Streaming orchestrator & observability
- Stream-publisher primitives bridging LangGraph nodes to Atterchat SSE — including an inline-marker parser that strips
[N] from the wire while preserving markers for persistence.
- OTel + Langfuse traces nested under LangGraph node spans; prompt-version provenance carried through every chain.
- Citation reload and historical markers: hydration endpoints so conversation reload repopulates citations and splices inline chips from Pangolin's marker-bearing answers — not Atterchat's marker-free message store.
Platform hygiene
- OpenAPI and Celery task-reference generators that walk the live FastAPI route graph and task registry, with a
--check flag for CI so the public surface stays diff-reviewable.
- Access-state UX: read-only mode for token-exhausted users and frontend state machines that respect the three dependency variants on write vs read paths.
Constraints I designed for
- External dependencies on the critical path.
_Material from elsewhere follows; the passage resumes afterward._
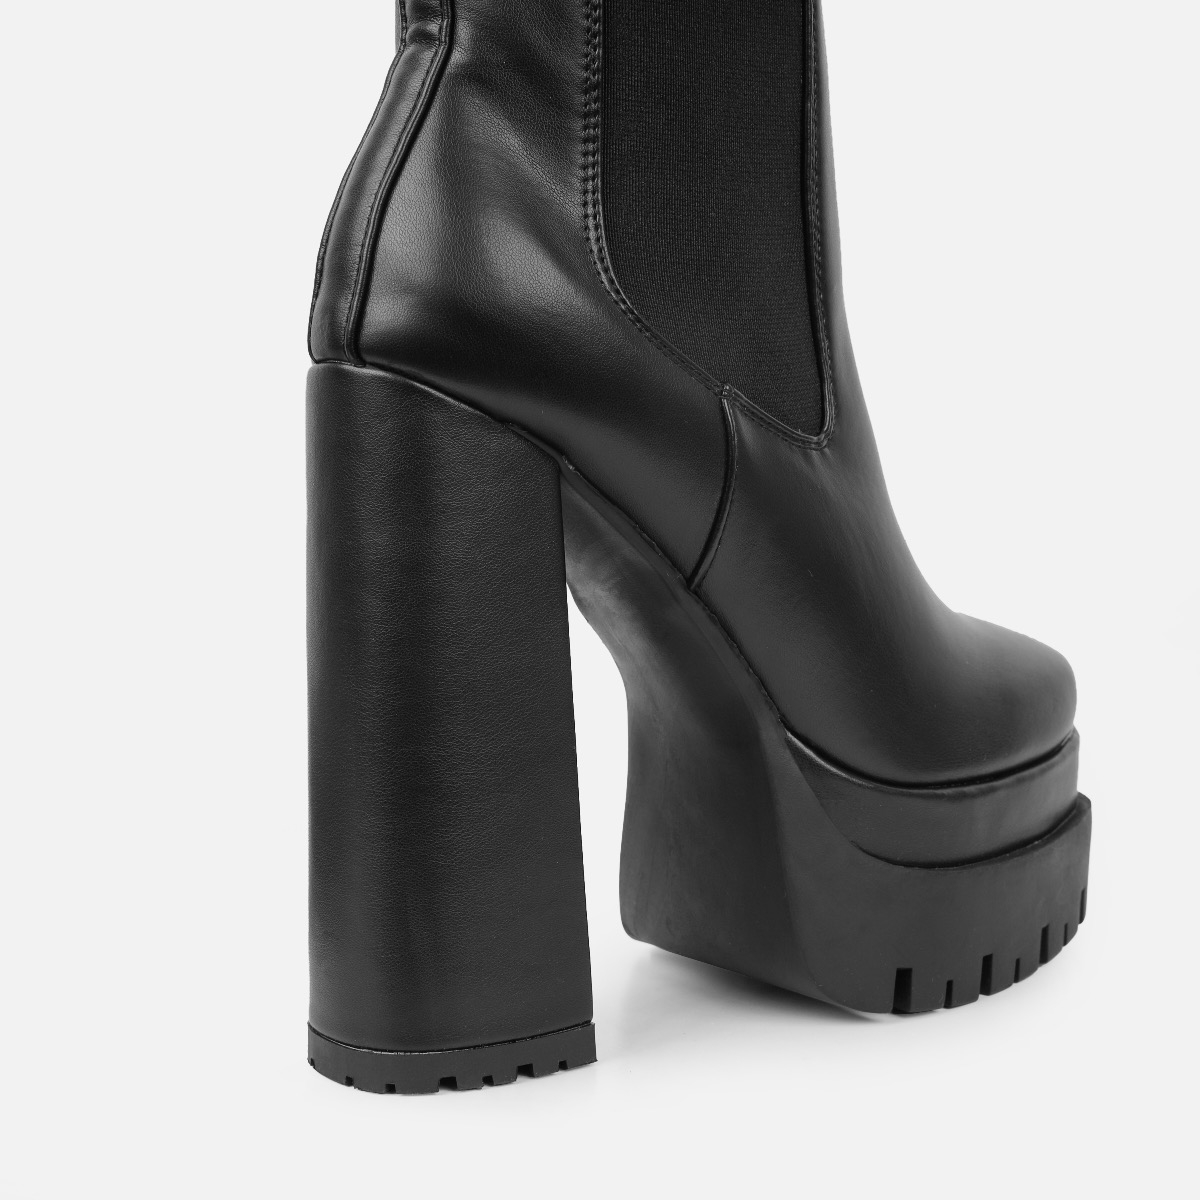 Buy VOMIRA Punk Platform Boots for Women Chunky High Heel Elastic Ankle  Boots Black Block Heel Party Boots, 4black Pu, 10 at Amazon.in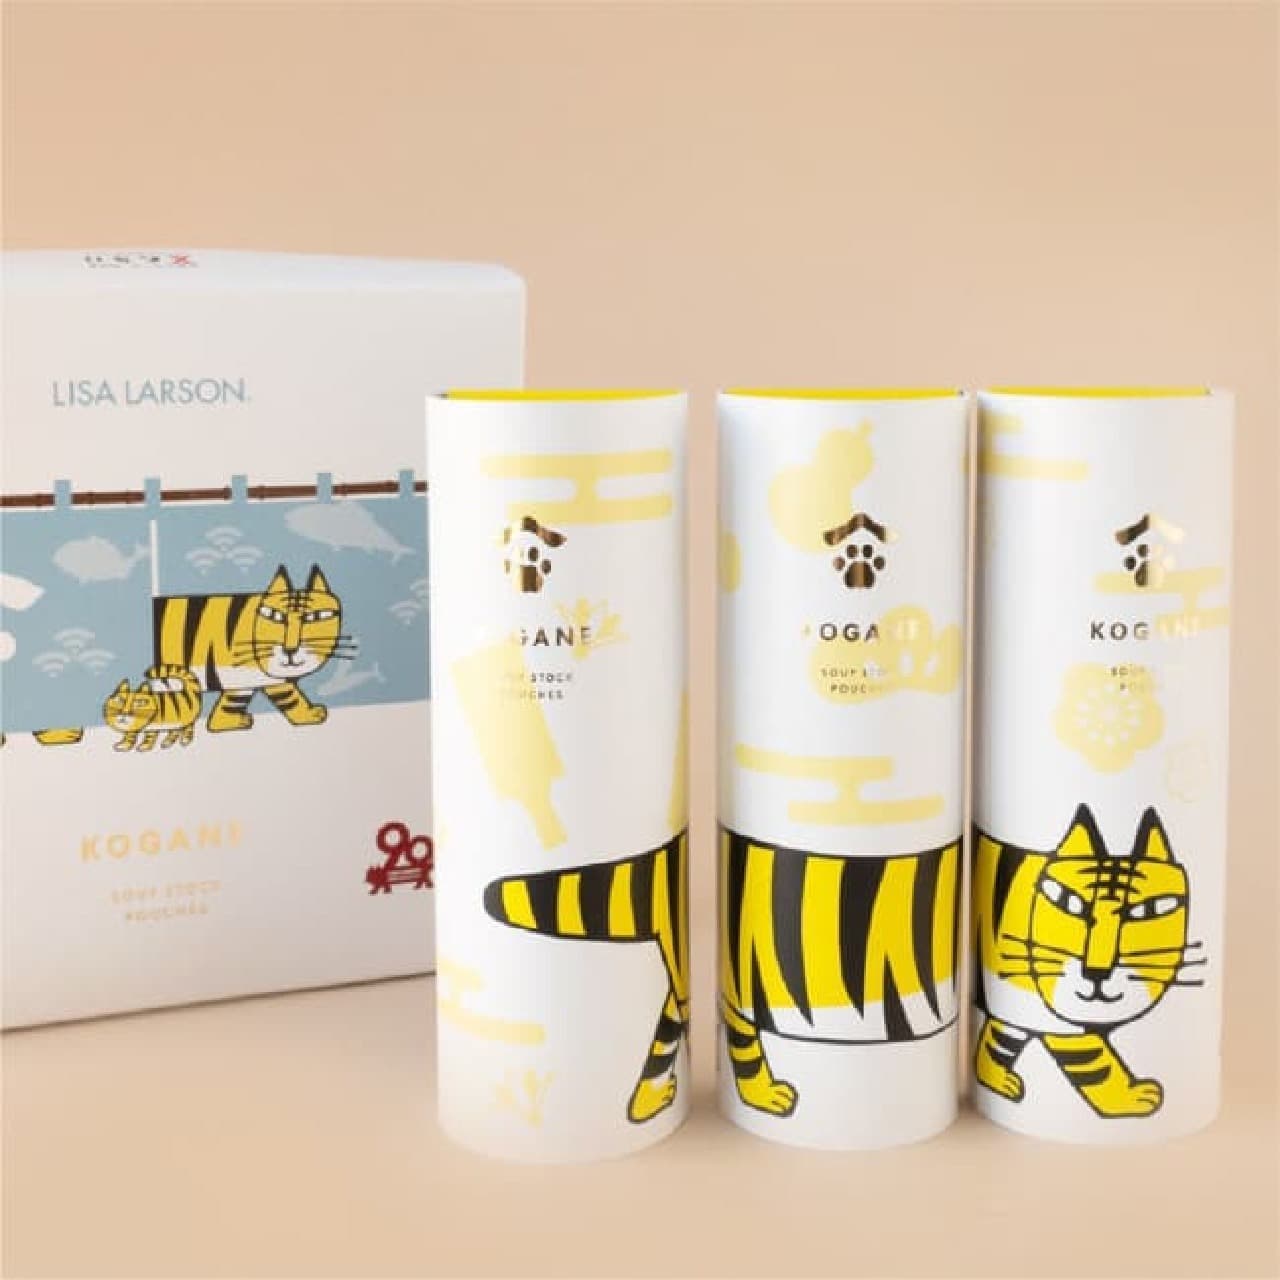 Lisa Larson "Tiger Pattern Mikey" New Year's Gift --Collaboration with "Chikiri Shimizu Shoten", a long-established store of dried bonito and dashi stock! Also with a towel

Sitefinity and VIP sit on different teams and release cadences — defensive Pydantic boundaries, null-tolerant payload models, and stale-fallback on VIP outage so partner issues don't surface as hard errors for users.
- Polyglot scope. Features like read-only mode spanned Python (FastAPI, Redis TTL behaviour), TypeScript (access-gate state machine, polling), and SSE handler invariants — one feature, three surfaces.
- Two systems, one conversation. Atterchat owns message metadata; Pangolin owns citations and marker-bearing answers. The fix for historical reload was overlay at render time from the source of truth — not double-writing into Atterchat.
"Build clean boundaries between the systems you don't control — Sitefinity, VIP, Atterchat — and the system you do. Most of the bugs came from leaky boundaries; most of the fixes came from making them explicit."